Keep a detailed supplement log. Record every supplement you take: brand, batch number, purchase date, and the Informed Sport/Choice certification number if available. If you test positive, this documentation is critical for demonstrating the contamination source and potentially reducing your sanction.

Presentation: A 42-year-old competitive masters cyclist with known 47,XXY karyotype diagnosed in adolescence. Never started TRT previously. Progressive fatigue, loss of performance, confirmed testosterone of 5.2 nmol/L on two morning samples. Elevated LH and FSH. No history of AAS use.

Outcome: Clear organic primary hypogonadism with genetic documentation. Strong TUE application. Prescribed physiological-dose testosterone gel. TUE granted by UKAD. Annual re-application with updated bloods — straightforward because the condition is permanent and genetically confirmed.

Presentation: A 53-year-old club-level runner. Fatigue, reduced libido, difficulty recovering between sessions. Total testosterone 9.4 nmol/L — in the BSSM grey zone. Normal LH and FSH. BMI 28. No organic pathology identified.

Outcome: This is functional hypogonadism in the context of age and mild obesity. Under WADA rules, this does not qualify for a TUE — regardless of the man's symptoms. The honest conversation: optimise weight, sleep, and training load. If symptoms persist and testosterone remains low, treatment is available — but it means stepping back from competition. I present both options clearly and let the patient decide.

Presentation: A 38-year-old triathlete with a history of anabolic steroid use in his mid-twenties (roughly 5 years of use, ceased at 30). Now consistently low testosterone (6.1 nmol/L on two samples). Low LH, low FSH. No pituitary pathology on MRI. Symptomatic.

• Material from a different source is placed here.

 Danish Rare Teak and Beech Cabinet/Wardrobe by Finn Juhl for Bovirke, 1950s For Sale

Outcome: The most difficult scenario. This man has genuine biochemical hypogonadism — likely AAS-induced suppression of the HPG axis that hasn't recovered. But WADA criterion 4 states: "The necessity for the use of the prohibited substance or method is not a consequence, wholly or in part, of the prior use of a substance or method which was prohibited at the time of use." A TUE application will almost certainly be denied. The man needs treatment, but he cannot compete while receiving it. This is a consequence — unfair as it may feel — of historical choices.

Presentation: A 29-year-old county cricketer who underwent unilateral orchiectomy for testicular cancer two years ago, followed by surveillance (no chemotherapy). Remaining testis functioning but with borderline compensation — total testosterone 7.8 nmol/L, mildly elevated LH. Symptomatic fatigue.

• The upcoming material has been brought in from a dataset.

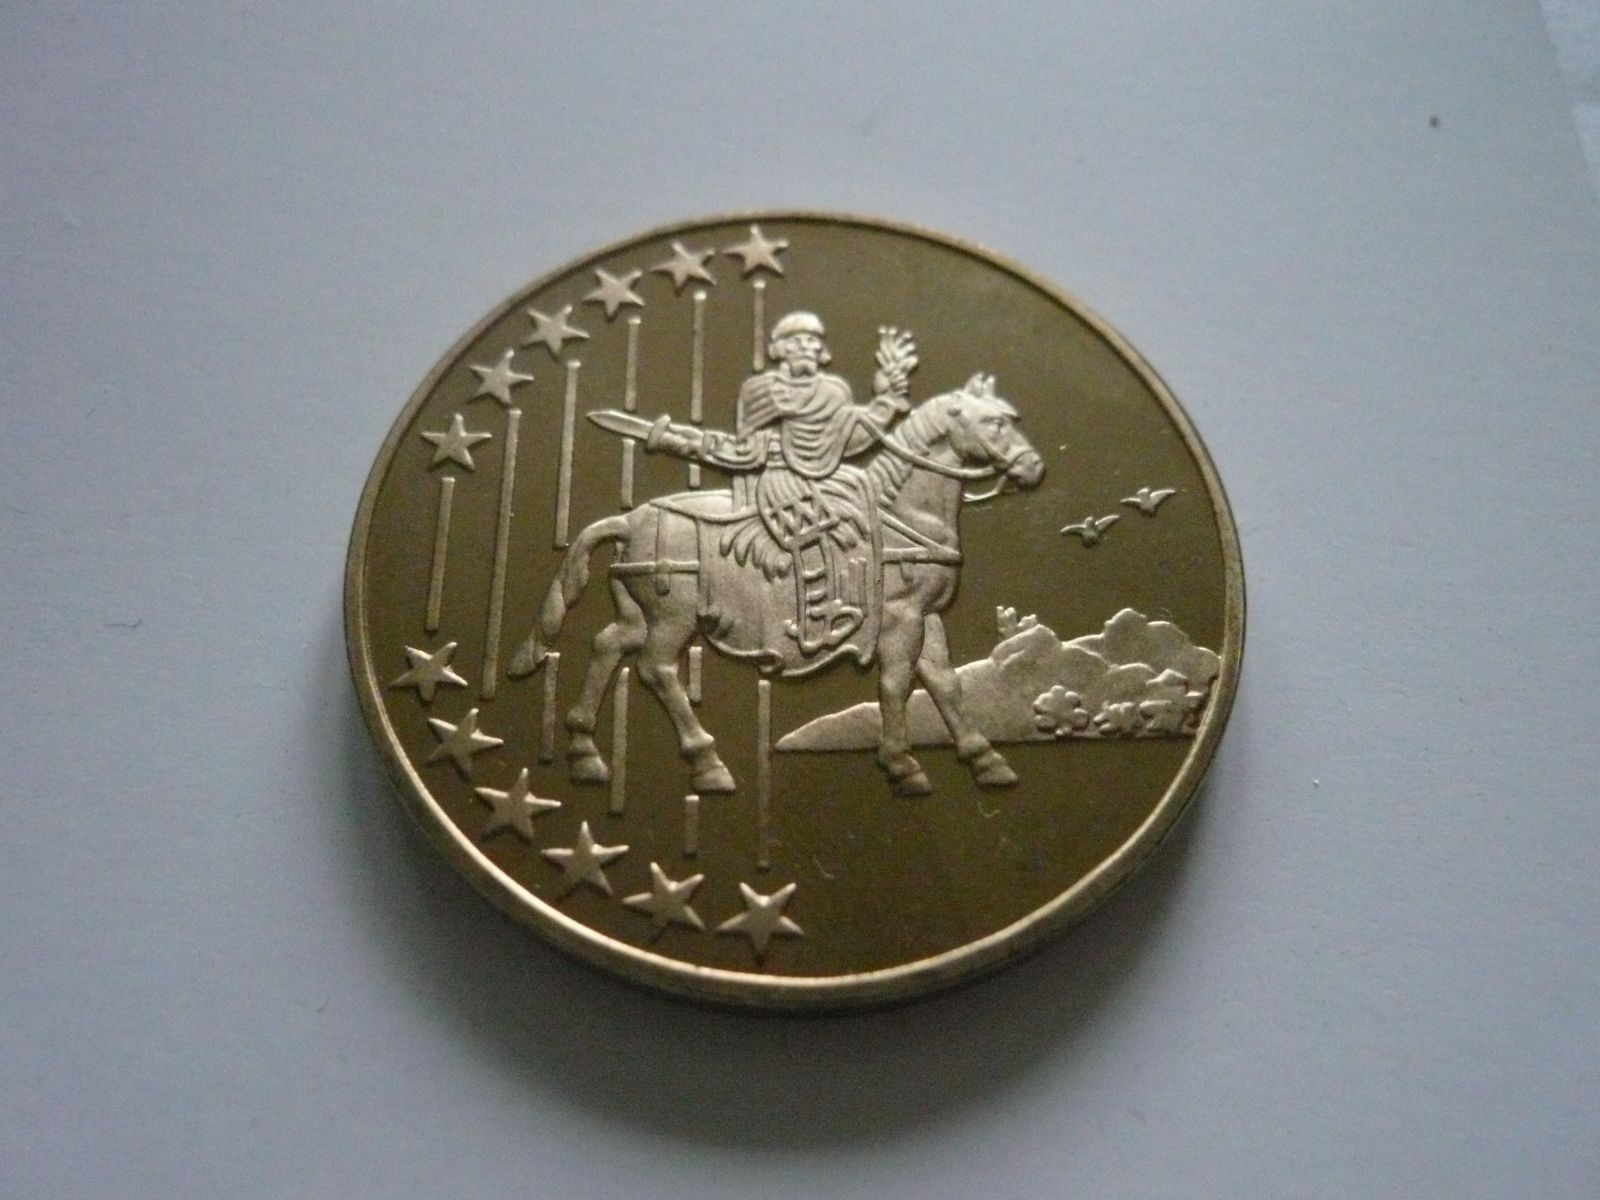 medaile na vstup do EU, zlacený bronz, průměr 40mm, ČR

Outcome: Organic aetiology (surgical loss of testicular tissue). Documented pathology. The remaining testis may not provide adequate compensation long-term. A TUE application is appropriate — though the TUEC may first ask whether the remaining testis can be supported with hCG (which would also need a separate TUE) rather than exogenous testosterone. This requires careful specialist navigation and comprehensive documentation of the cancer treatment, surgical reports, and longitudinal biochemistry.